-- RECORDED DATA --
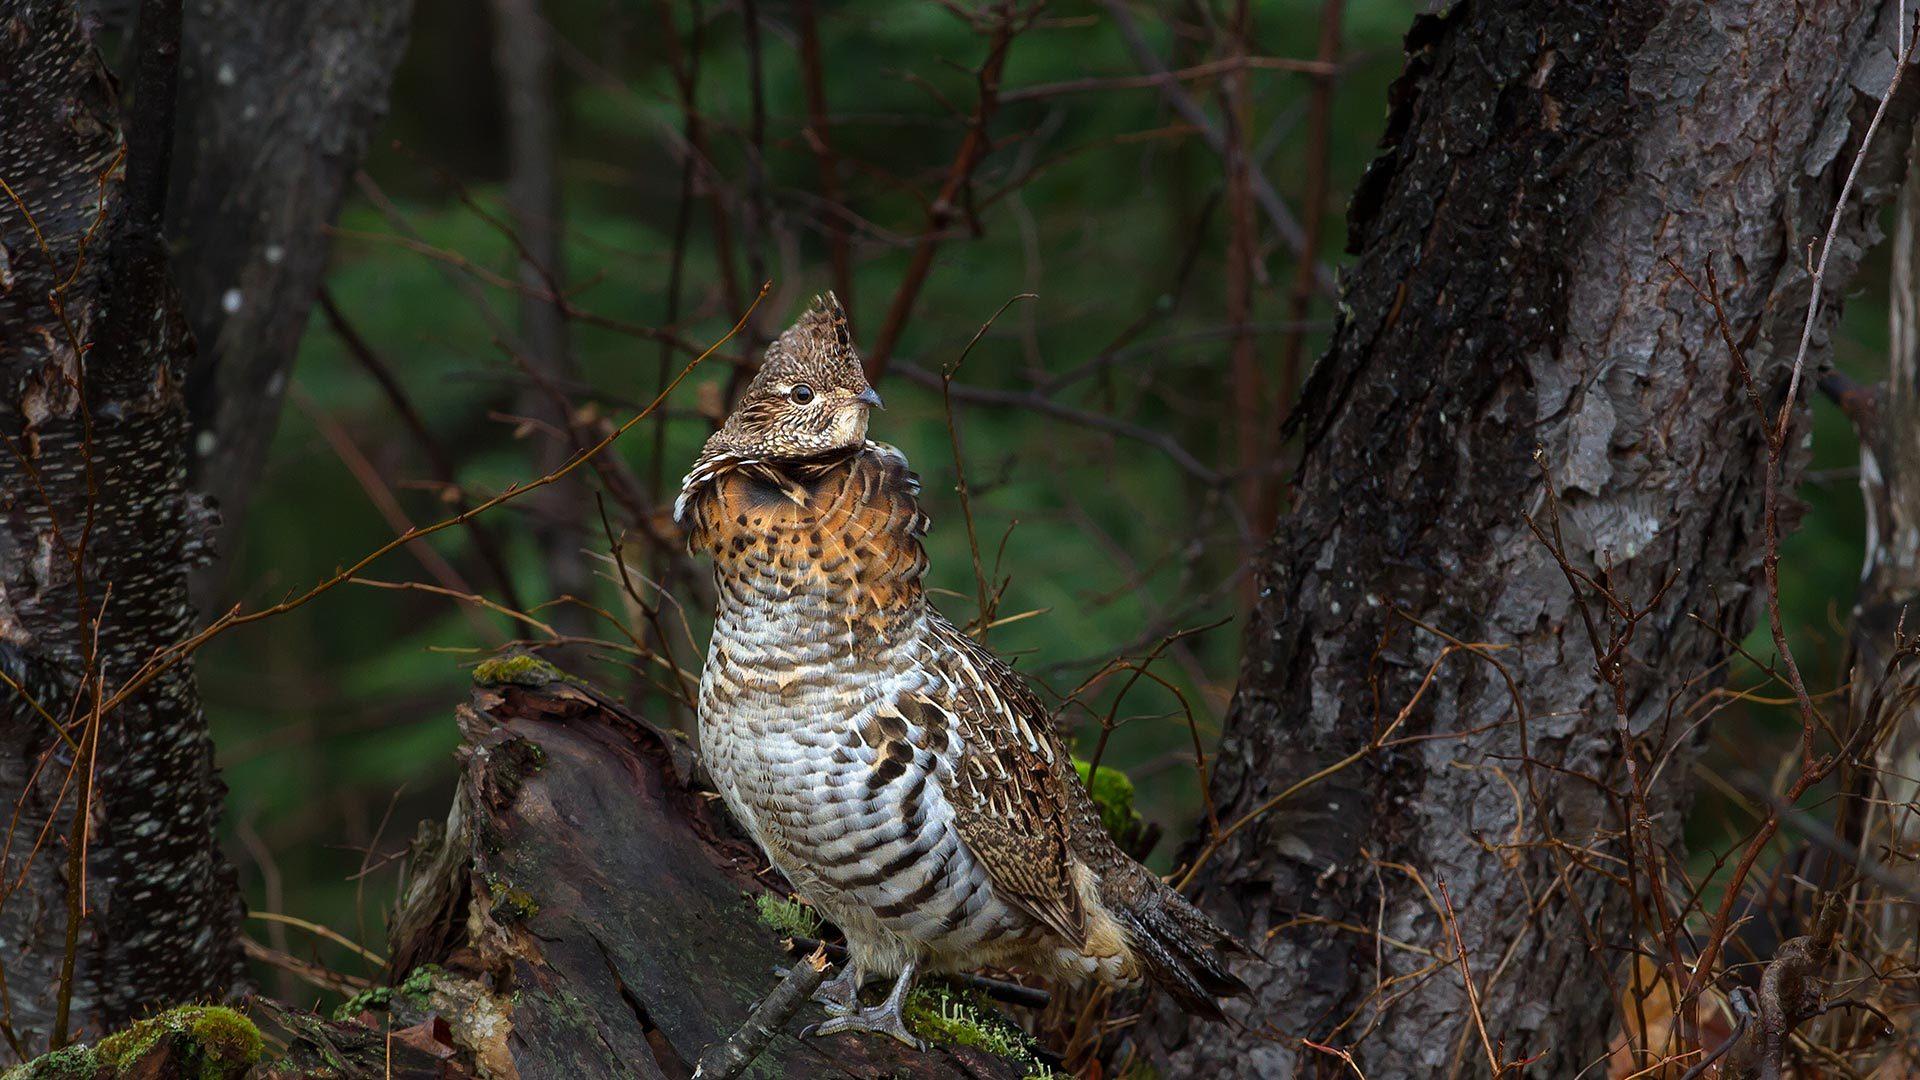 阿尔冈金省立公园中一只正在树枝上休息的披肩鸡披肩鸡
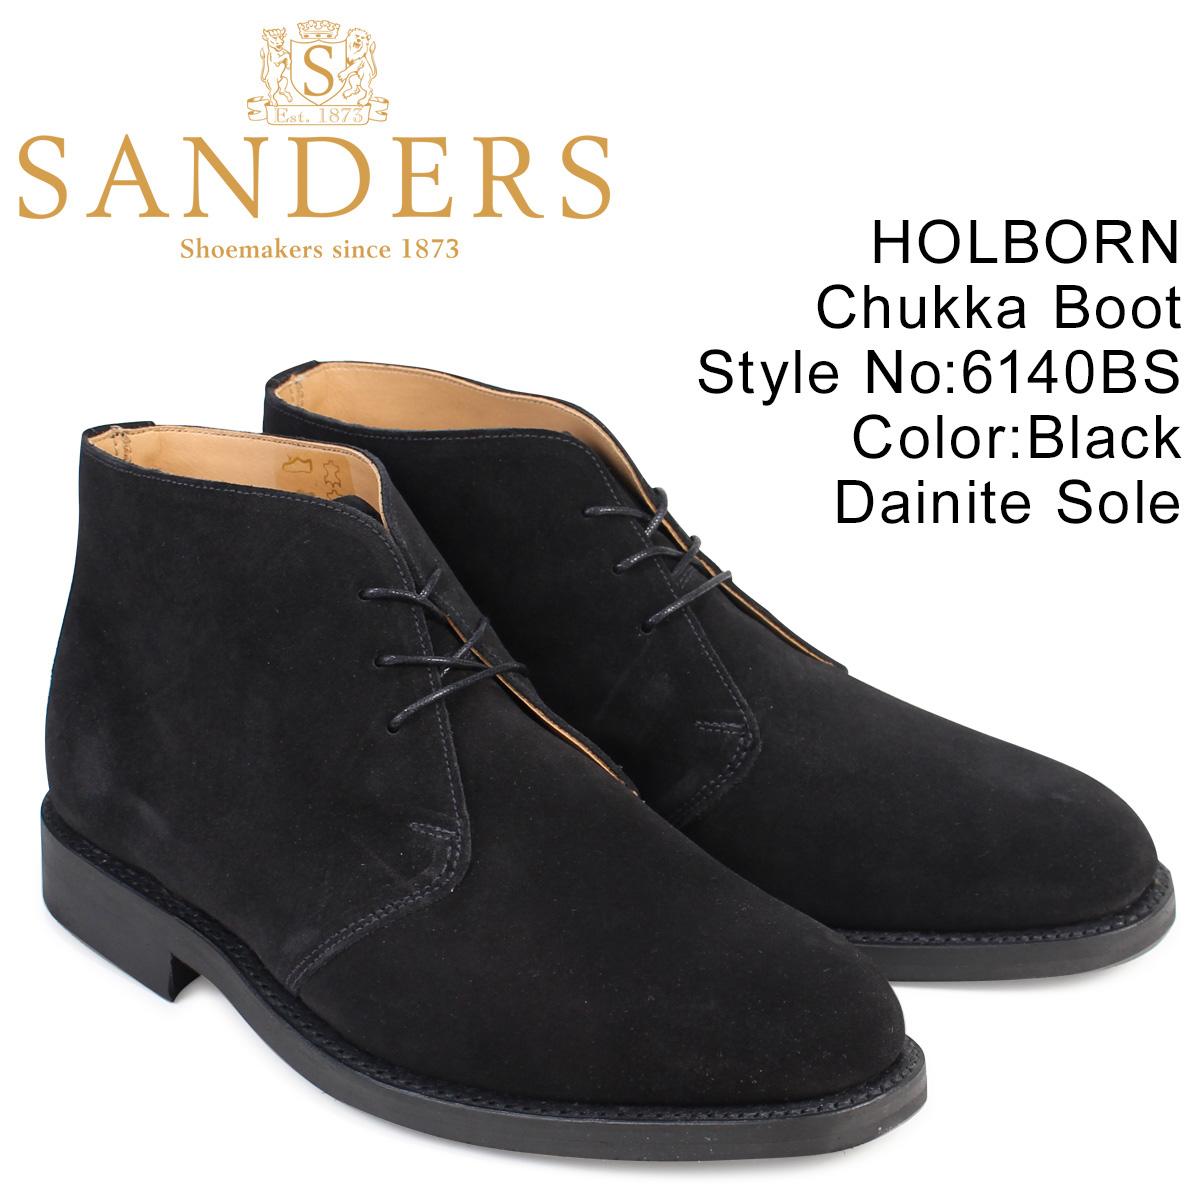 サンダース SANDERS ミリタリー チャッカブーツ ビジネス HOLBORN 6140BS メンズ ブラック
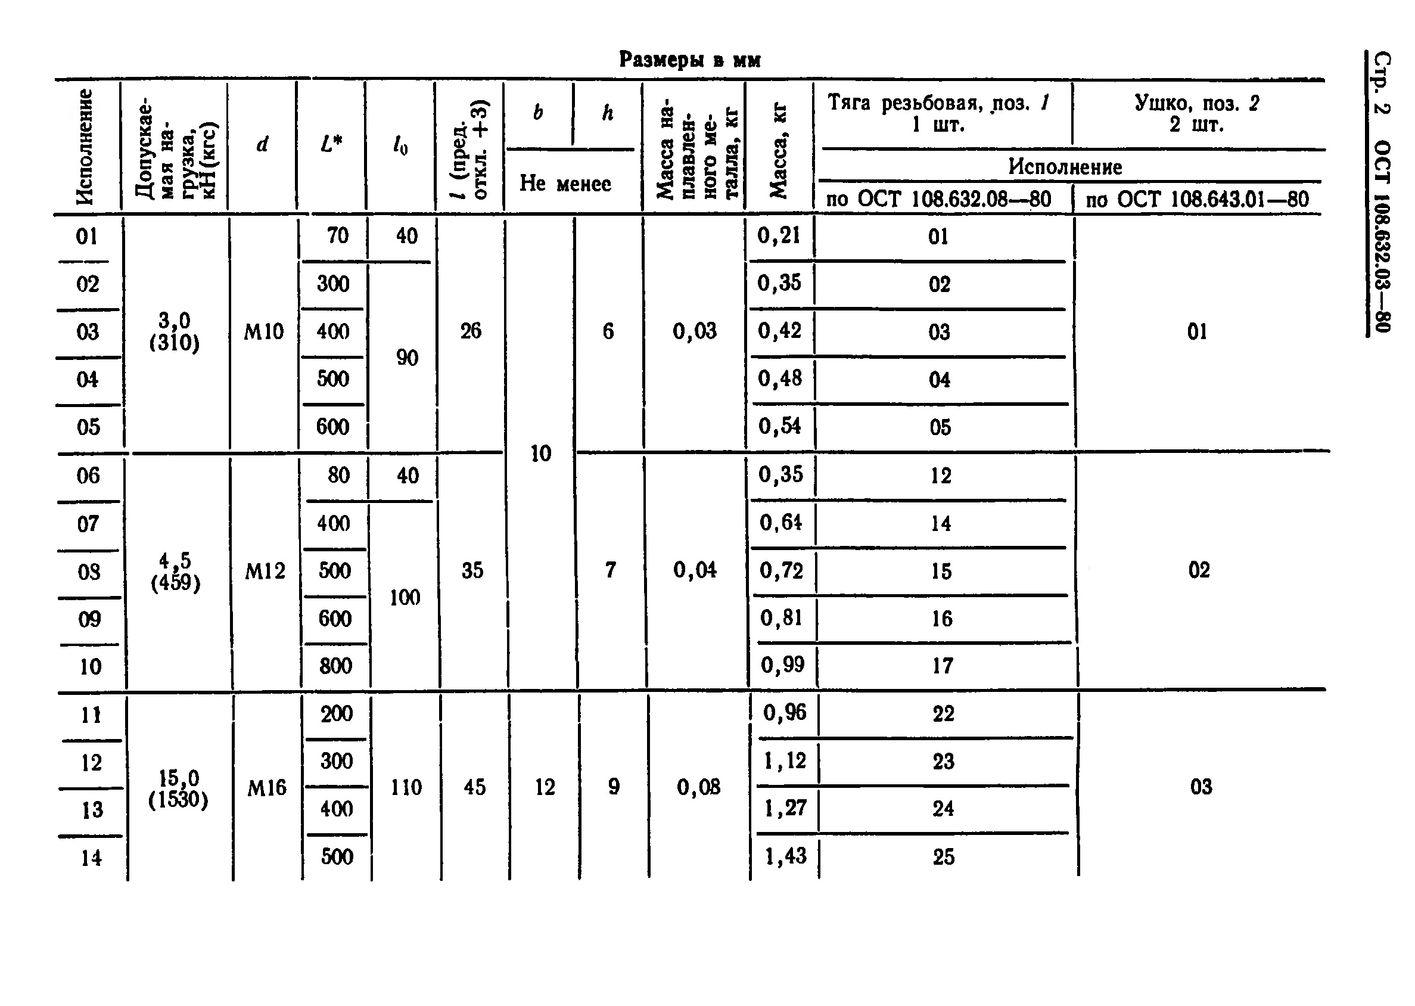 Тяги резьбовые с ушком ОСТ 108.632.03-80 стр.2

-- TASK DIRECTIONS --
In the data above, find the line with "サンダース SANDERS ミリタリー" and repeat it and every line after it through the end, exactly; leave the pictures out.

-- RESULT OF THIS EXERCISE --
 サンダース SANDERS ミリタリー チャッカブーツ ビジネス HOLBORN 6140BS メンズ ブラック
 Тяги резьбовые с ушком ОСТ 108.632.03-80 стр.2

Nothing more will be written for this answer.